* **TASK PROMPT**: Each line of the material must be reproduced exactly; pictures stay out.

* **COLLECTED MATERIAL**:
=== Begin Enclosure ===
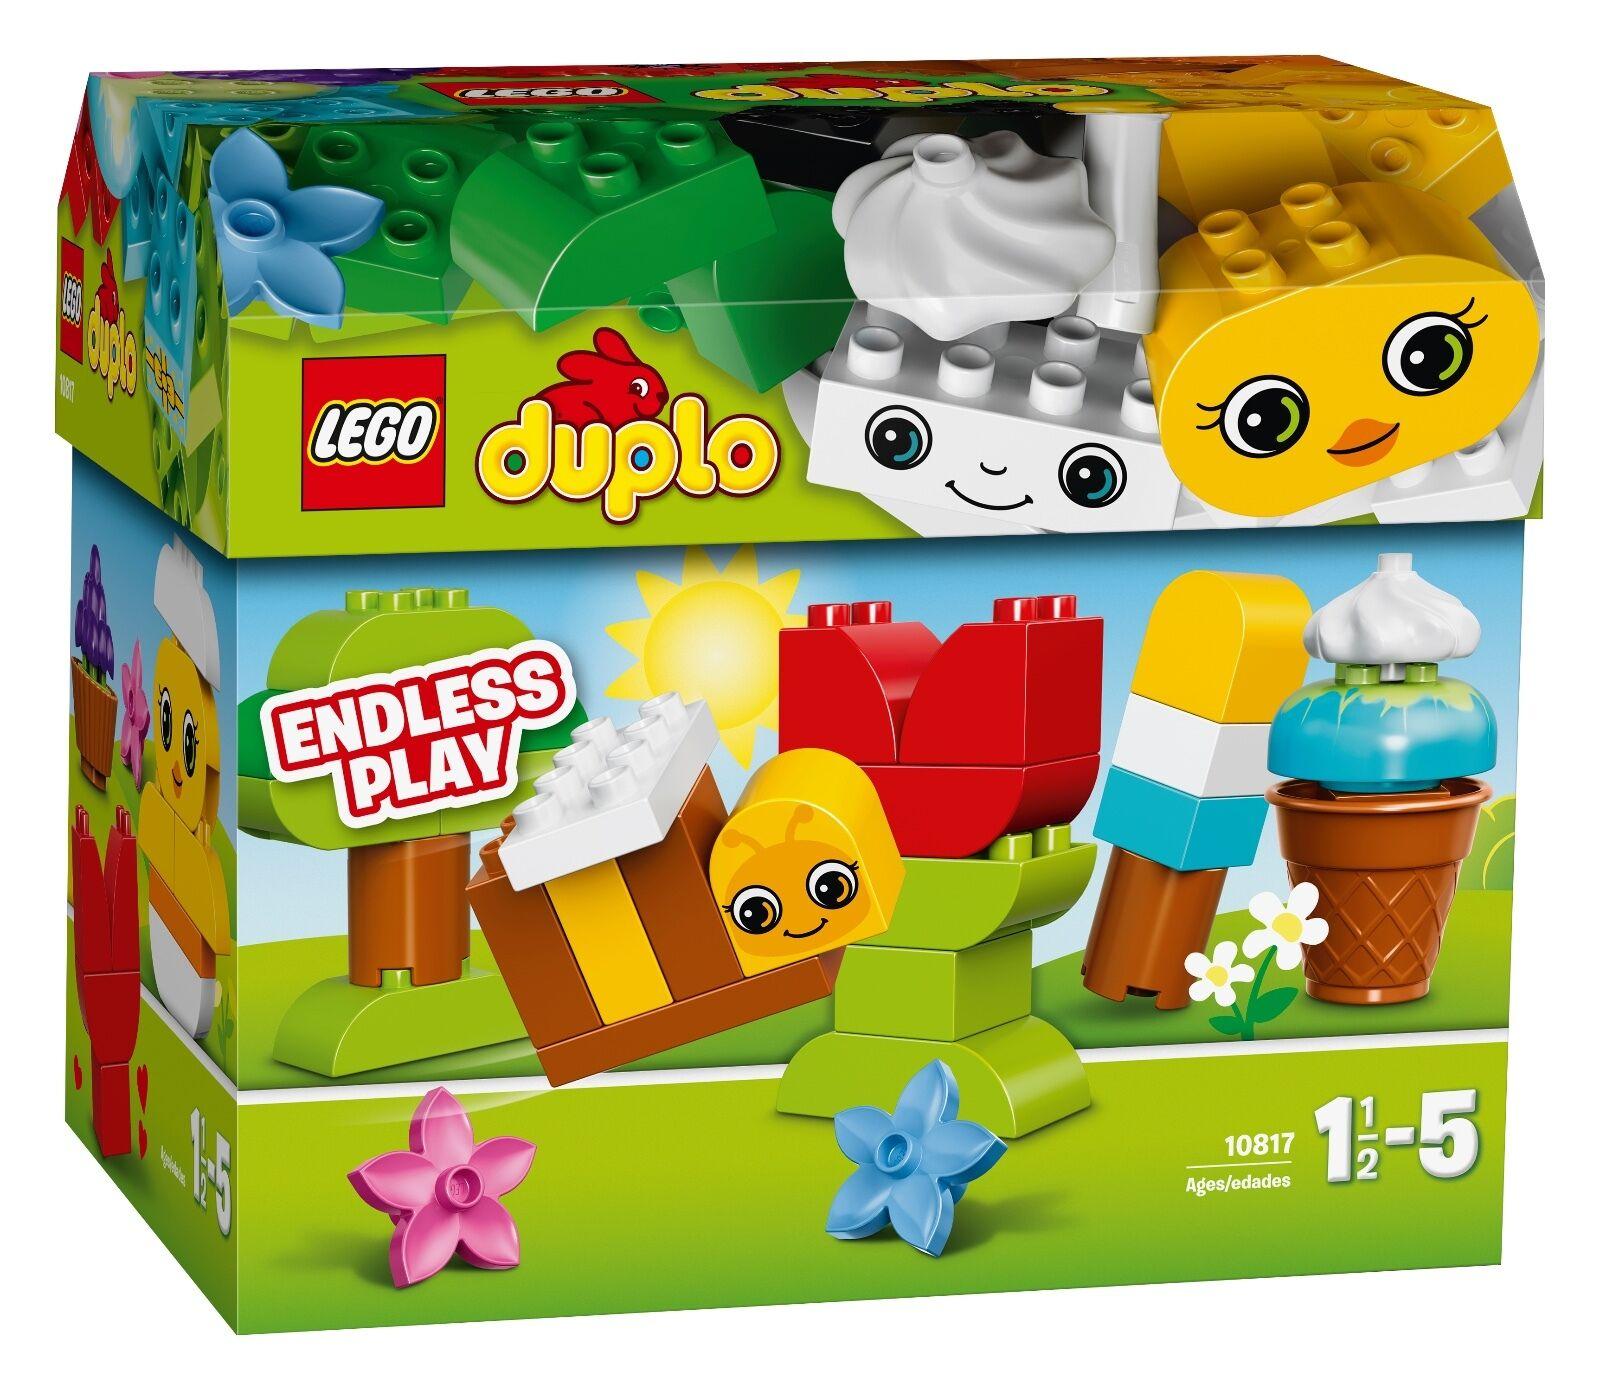 LEGO® DUPLO® DUPLO® DUPLO® 10817 Kreatives Bauset NEU OVP_ Creative Chest NEW MISB NRFB 2526c4
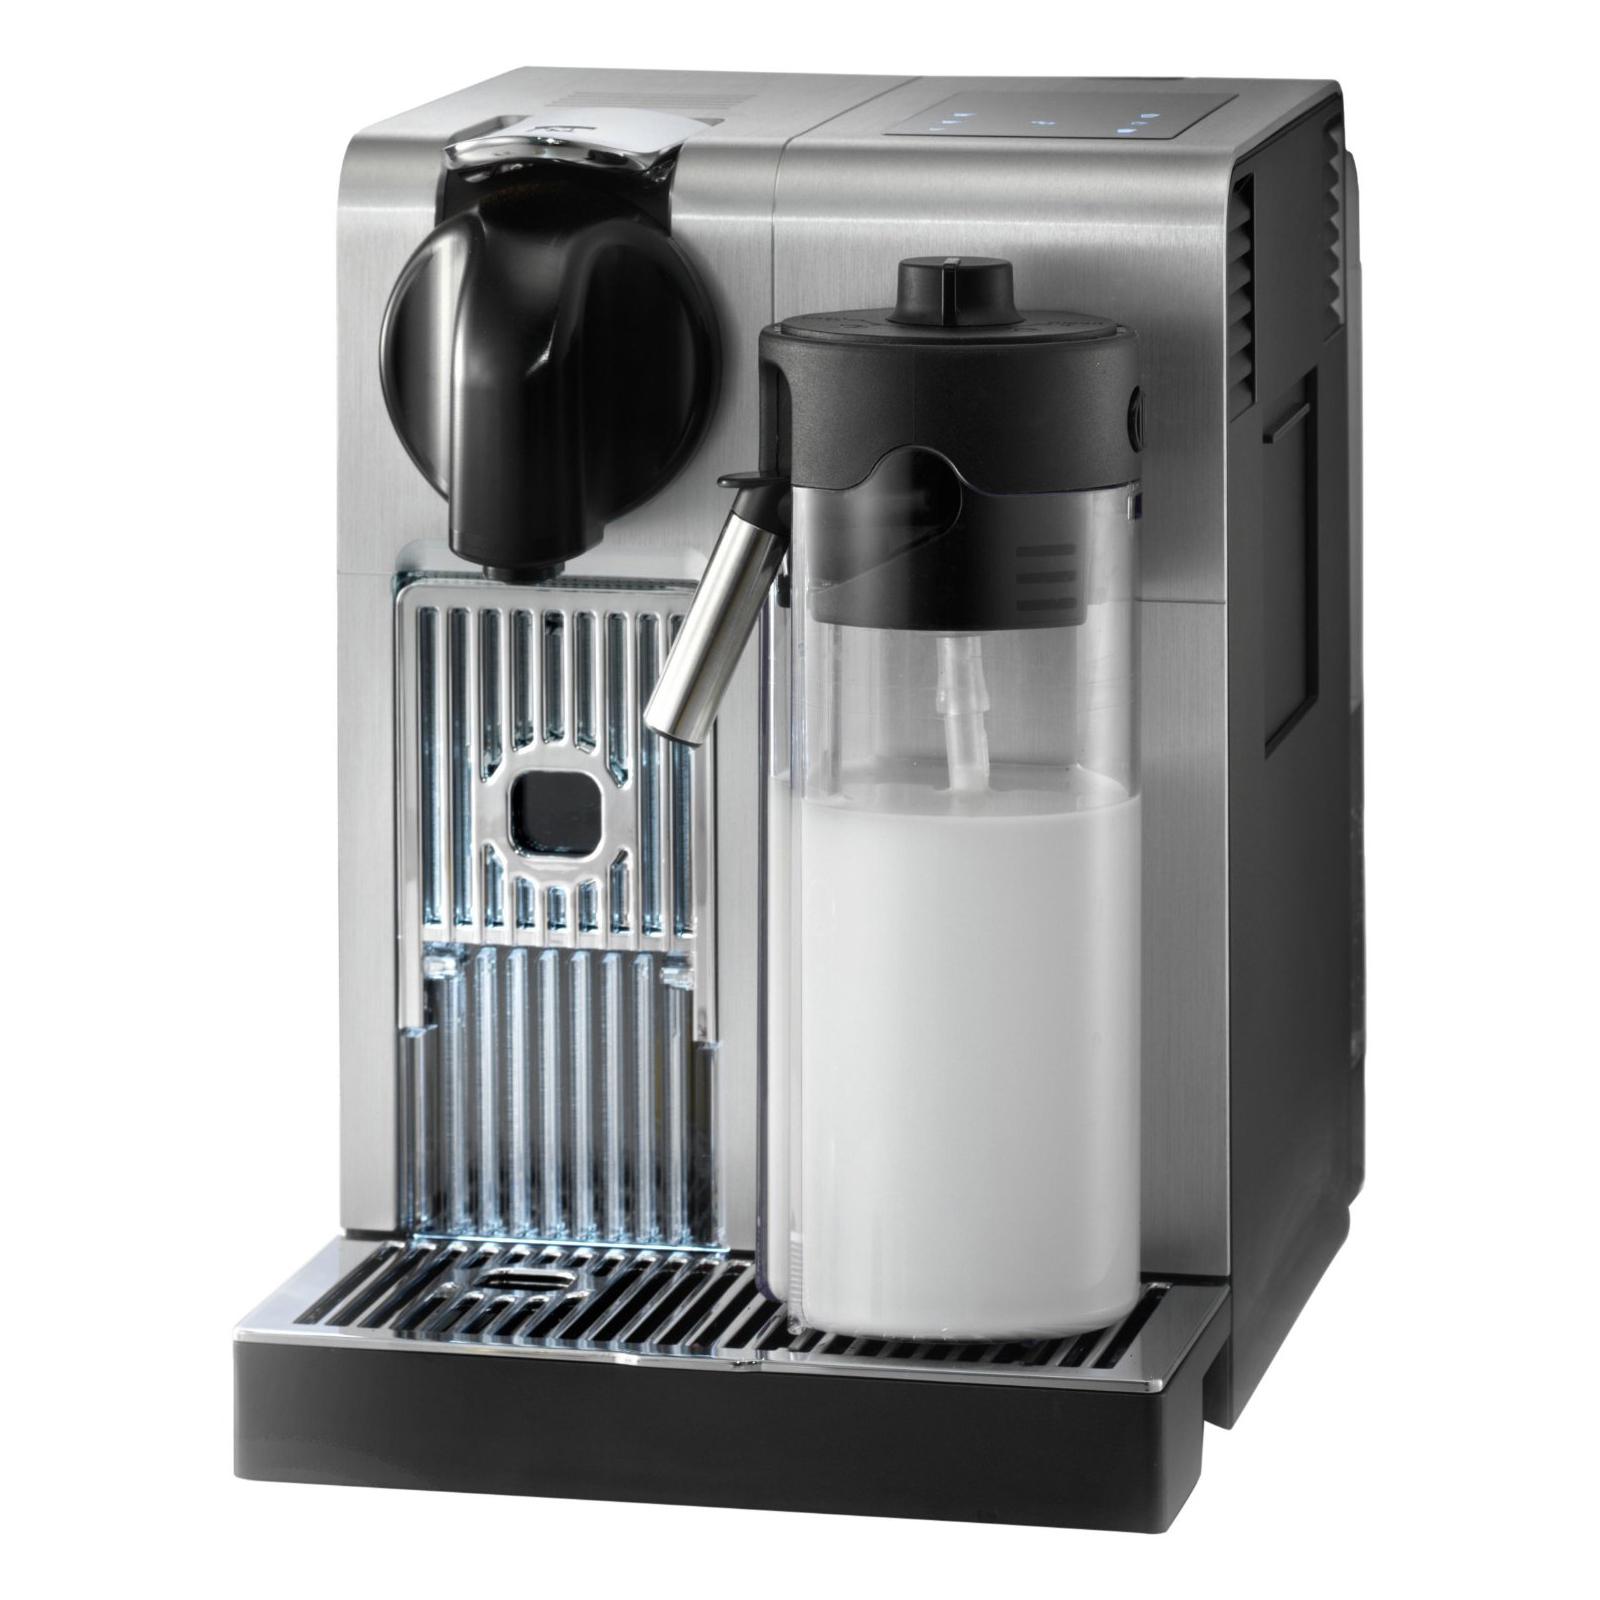 Keurig Rivo vs Nespresso Lattissima -> Nespresso Vs Keurig
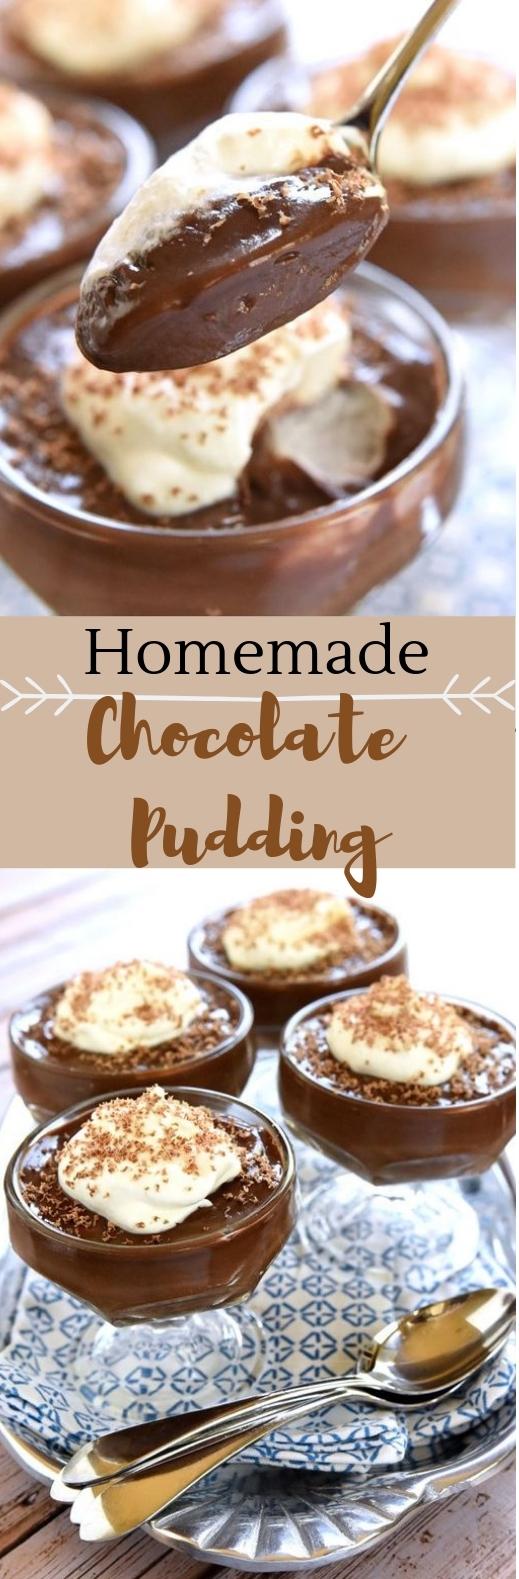 Homemade Chocolate Pudding #dessert #bestrecipe
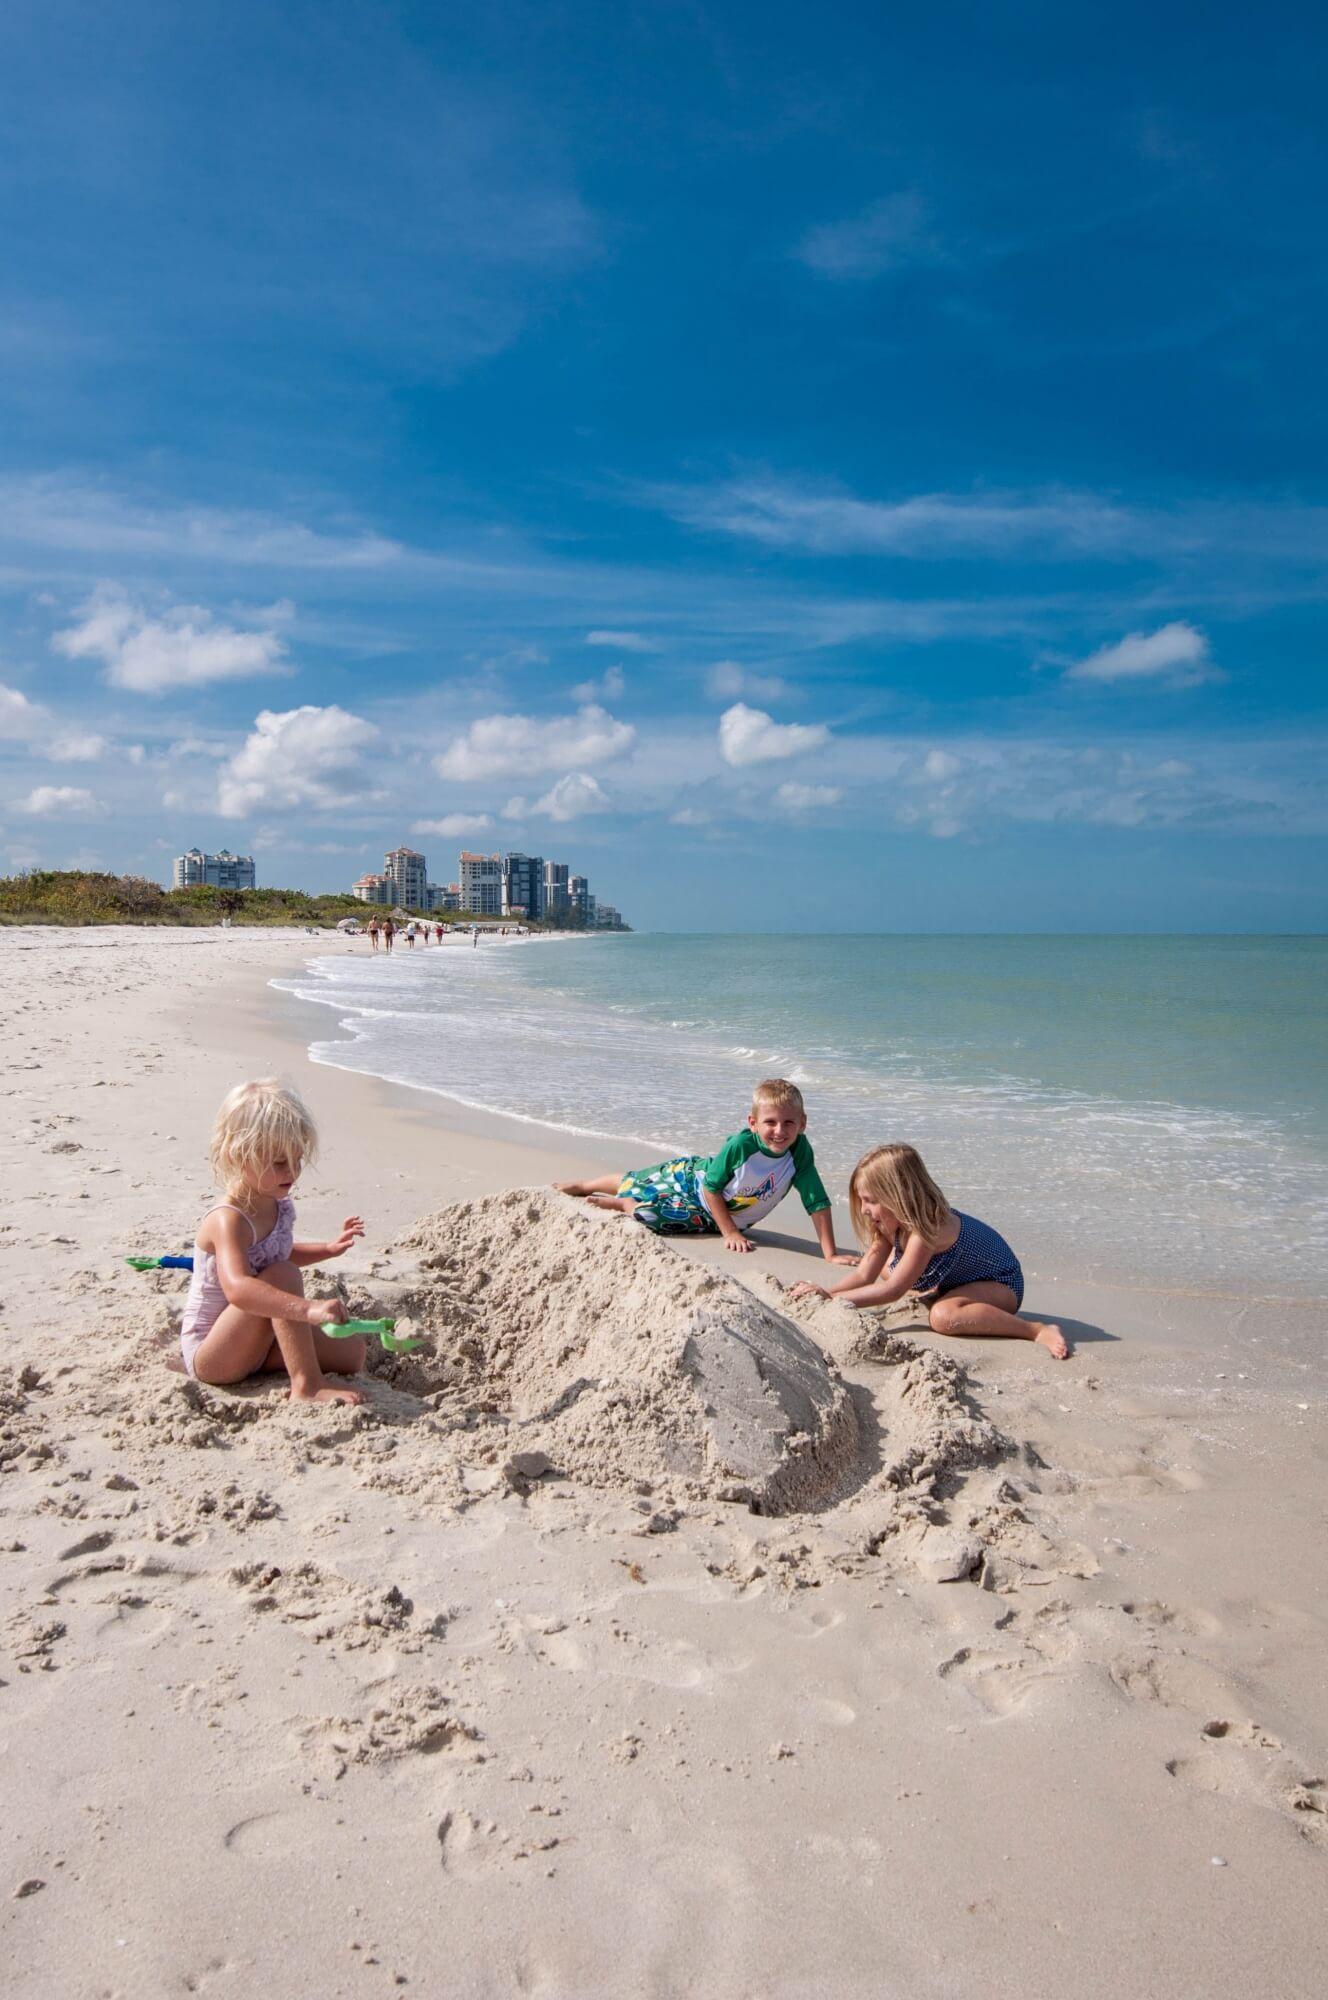 MustDo.com | Kids build a sandcastle in the white sand beach at Clam Pass Beach Naples Florida. Photo by Debi Pittman Wilkey.
=== End Enclosure ===
* **SOLVED PROBLEM**:
 LEGO® DUPLO® DUPLO® DUPLO® 10817 Kreatives Bauset NEU OVP_ Creative Chest NEW MISB NRFB 2526c4
 Keurig Rivo vs Nespresso Lattissima -> Nespresso Vs Keurig
 Homemade Chocolate Pudding #dessert #bestrecipe
 MustDo.com | Kids build a sandcastle in the white sand beach at Clam Pass Beach Naples Florida. Photo by Debi Pittman Wilkey.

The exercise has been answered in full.